Developer Training
Let’s chat about an idea I had for a training project; something to bring someone from an academic environment into a mildly professional environment. When I first started at the ESL, I was given a relatively simple project… after I was given a fair amount of grunt work you’d expect of a high school intern. I spent more time then I should have on that project, but in retrospect I realize that, if adapted slightly, it’s perfect for bringing someone up to speed on things like databases, ORM, .NET, how the web actually works, etc.
Background
Part of what our lab used to do is maintain a database of hourly weather readings at sites across the state. In the past we received emails from the Meteorology department with a fixed width file that contained the relevant data; and we would parse these emails with a cron job on an ancient UNIX machine; the data going into an Informix database. For one reason or another this system needed to be shutdown (Meteorology stopped sending emails; UNIX machine got hacked and destroyed; desire to make the data more accessible; etc).

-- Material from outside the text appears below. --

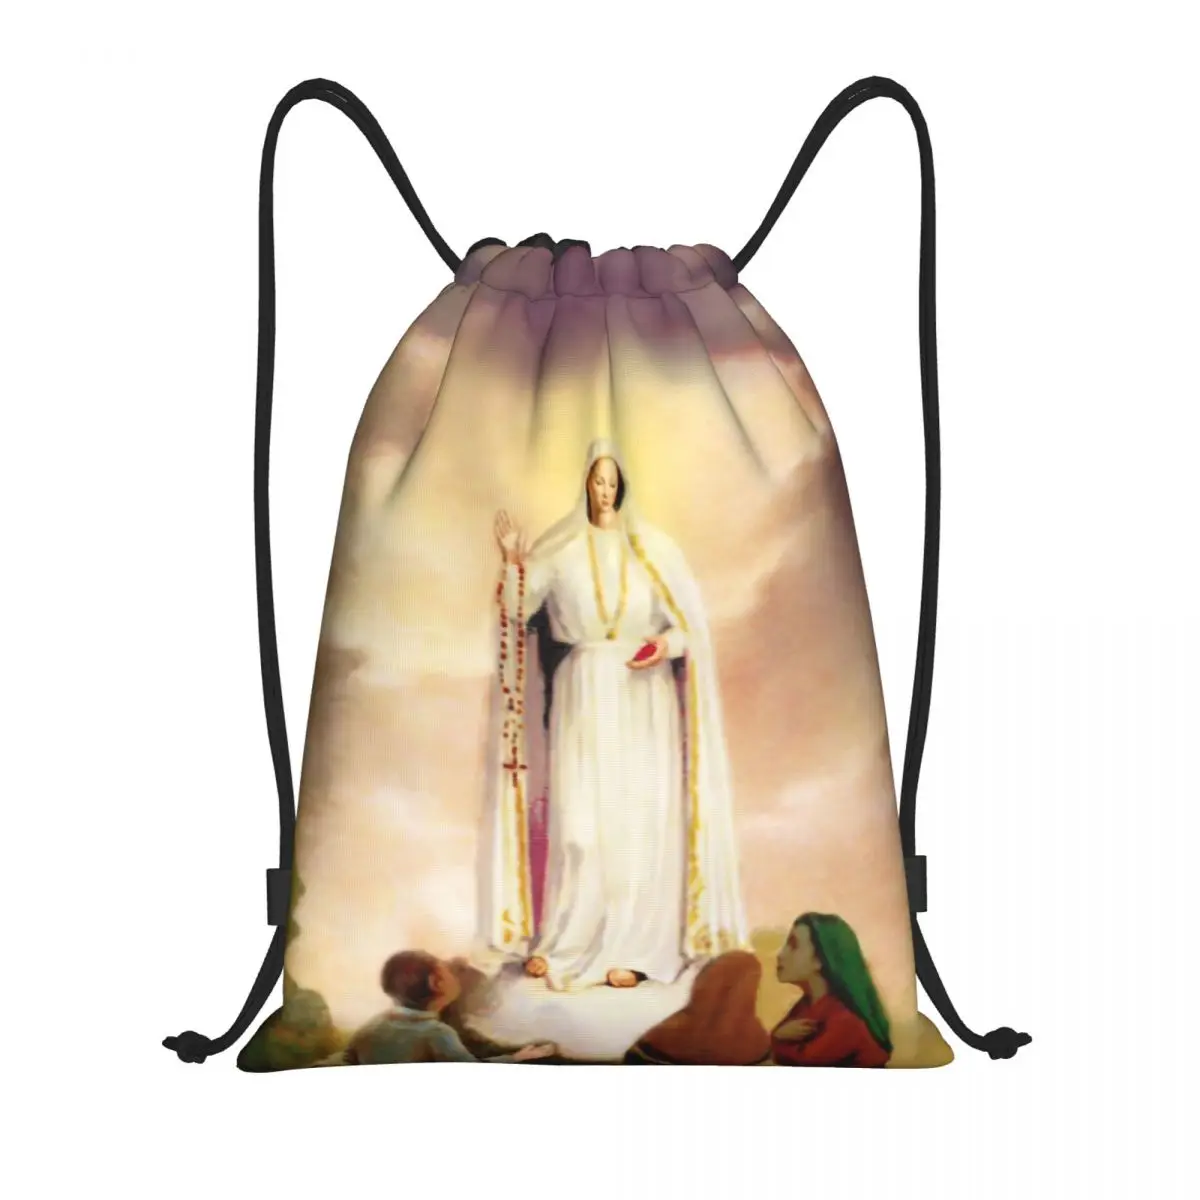 

Рюкзак на шнурке для нашей леди Фатимы, спортивный рюкзак для тренажерного зала, складная сумка для тренировок с четками, католическими, христианскими Девами Марии

The original goal of this project was to replace the old system with a more accessible system; in our case using Microsoft technologies (SQL Server for data storage; and a .NET language for data retrieval). The new goal is to do this while iterating through technologies that you’ll encounter in your everyday life.
Data
I figure this is worth spelling out first. Previously we received data in the form of an email. Where precisely are we going to get weather data now? We can’t just go around installing internet enabled weather stations… this is only a training project, not a mass system deployment (sadly).
As it happens, NOAA provides the (current) weather readings in a freely available XML format. As an example: http://www.weather.gov/xml/current_obs/KCLL.xml is for Easterwood Airport, College Station, TX. They provide these for many locales, listed here: http://www.weather.gov/xml/current_obs/seek.php?state=tx&Find;=Find. Most of the XML files will update only once an hour, but there are a few that’ll update more often.
Goal
The goal is to, given a list of weather stations (either URL’s or just station names), write a service that periodically pulls down the weather data for each station, parses it, and puts it into some form of long term data storage. Duplicate readings (ie the weather station hasn’t updated) shouldn’t be stored. Also, the XML files contain a fair bit of extraneous data that can be done without; we can ignore anything extra.
Advised Process
- Start by getting source control setup.
- If getting an svn server is too much overhead, look into using Bazaar, git, Mercurial, just some form of source control.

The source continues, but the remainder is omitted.